Repeat exactly the lines of the material below that run from the "100 Trending Funny" line to the "Red holiday background" line, including both, and do not carry over any pictures.

▶ **SUPPLIED DATA**
+---+

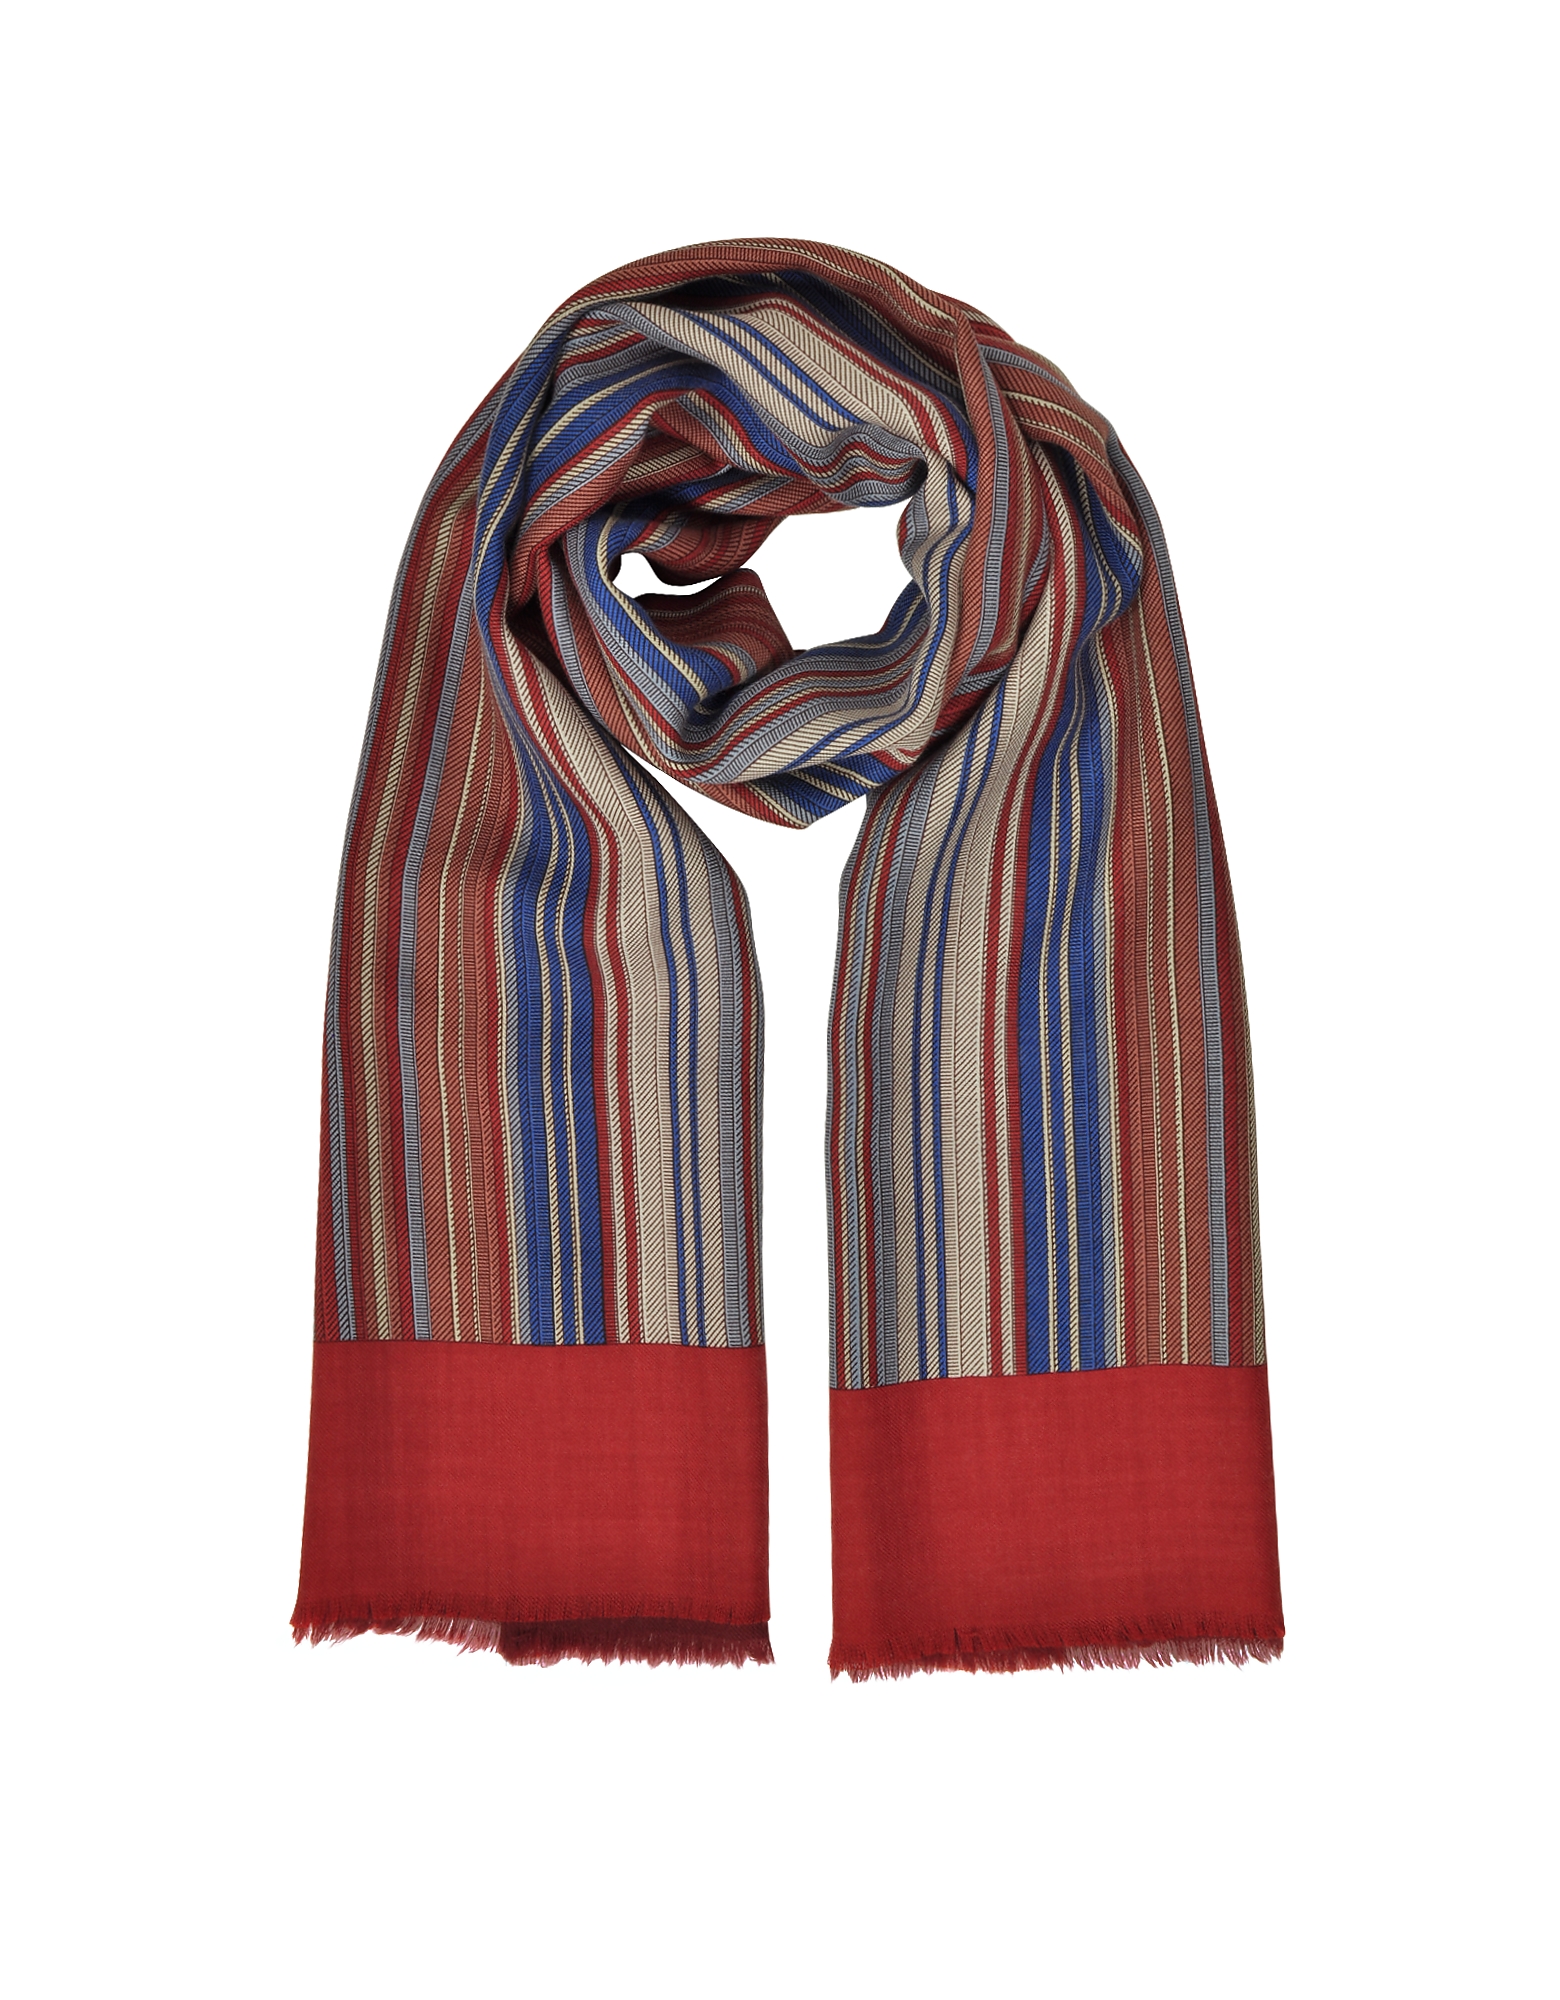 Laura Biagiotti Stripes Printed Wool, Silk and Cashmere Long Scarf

+---+

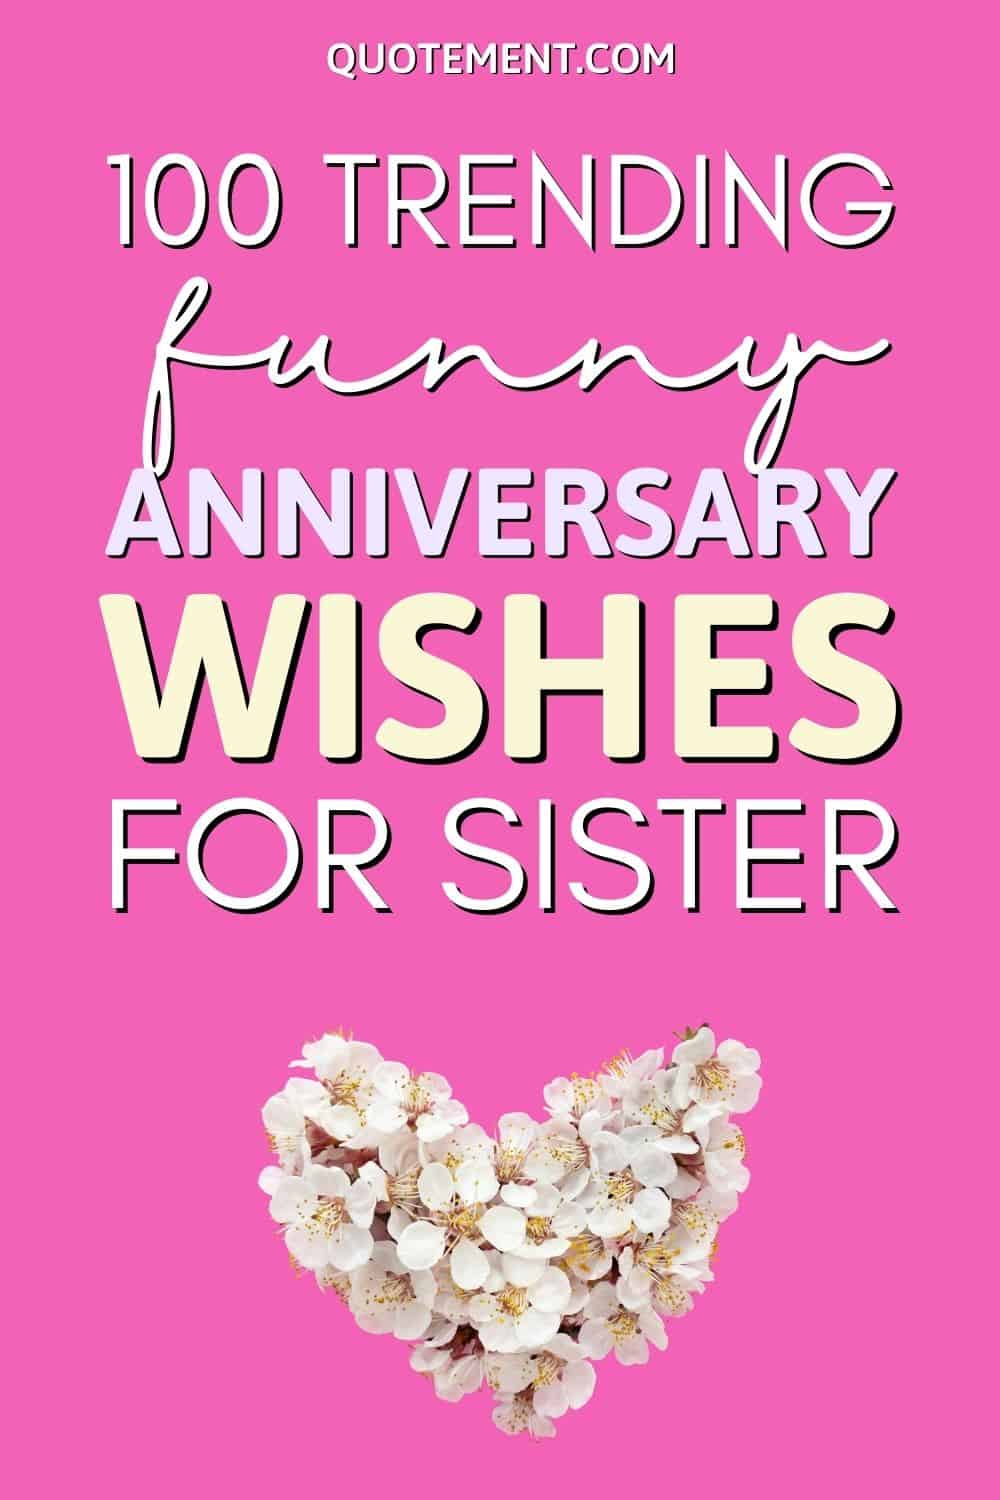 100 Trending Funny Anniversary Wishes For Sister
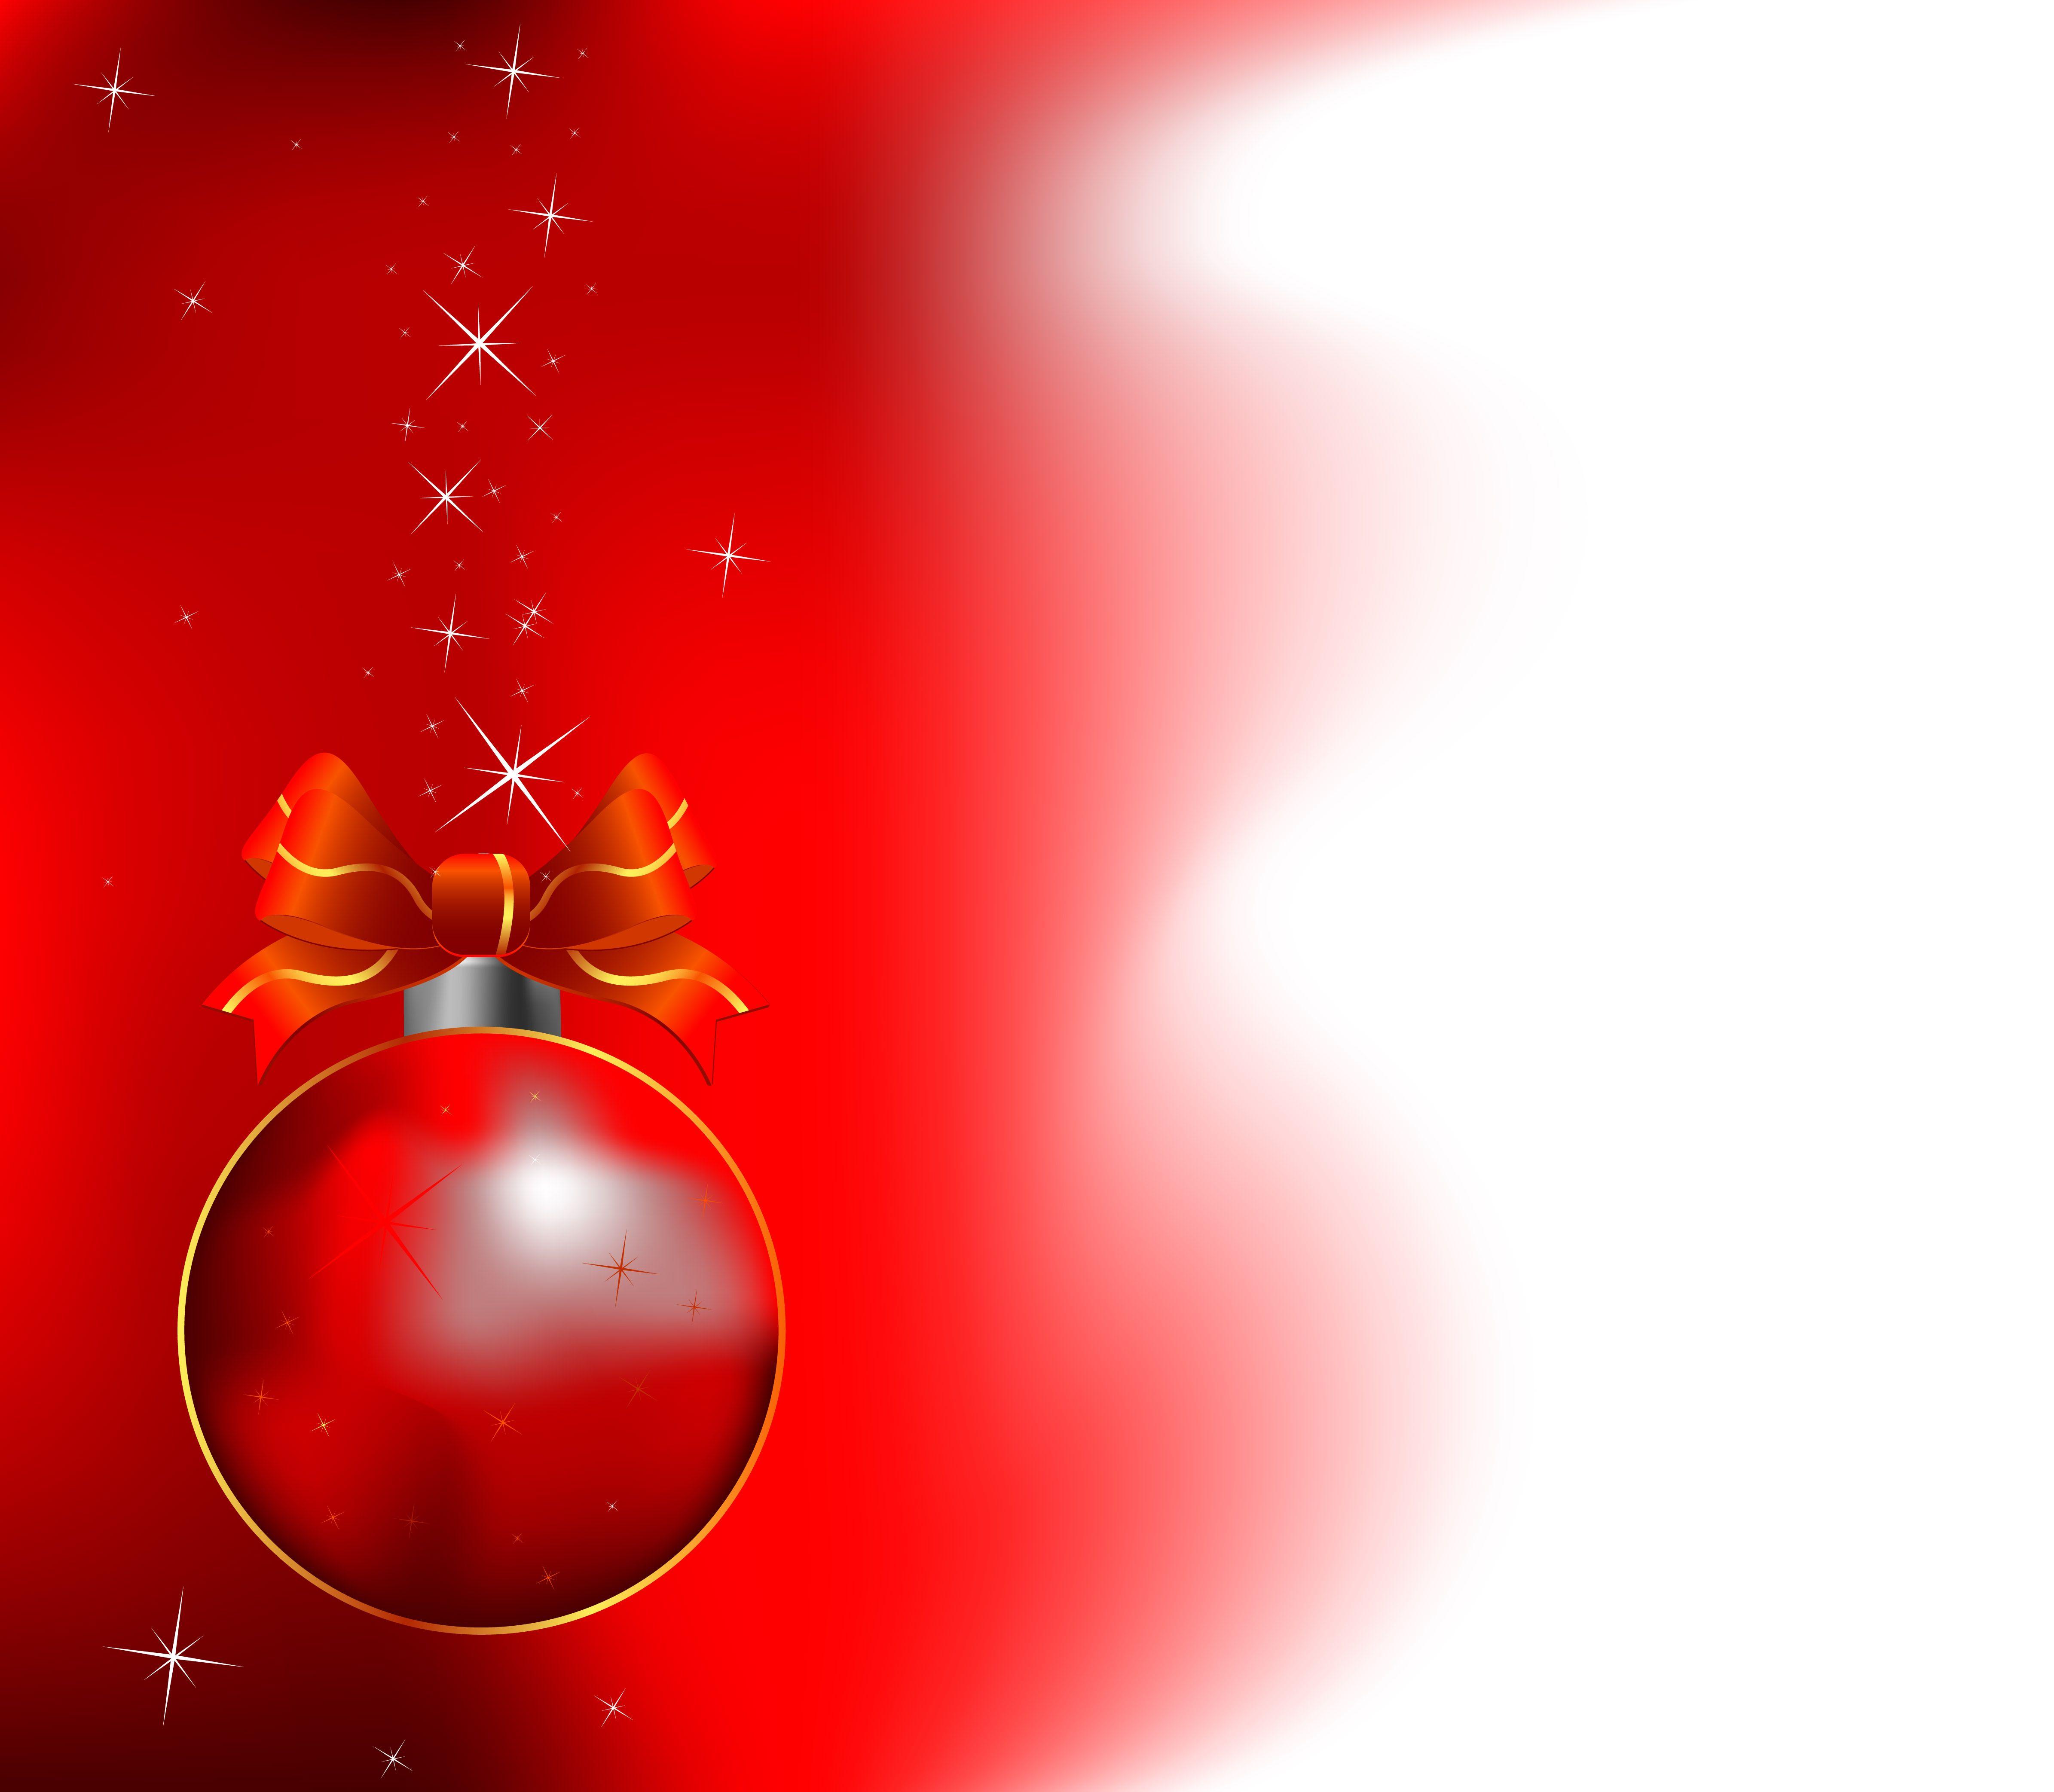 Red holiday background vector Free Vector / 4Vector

+---+

▶ **ANSWER TO THIS PROBLEM**
 100 Trending Funny Anniversary Wishes For Sister
 Red holiday background vector Free Vector / 4Vector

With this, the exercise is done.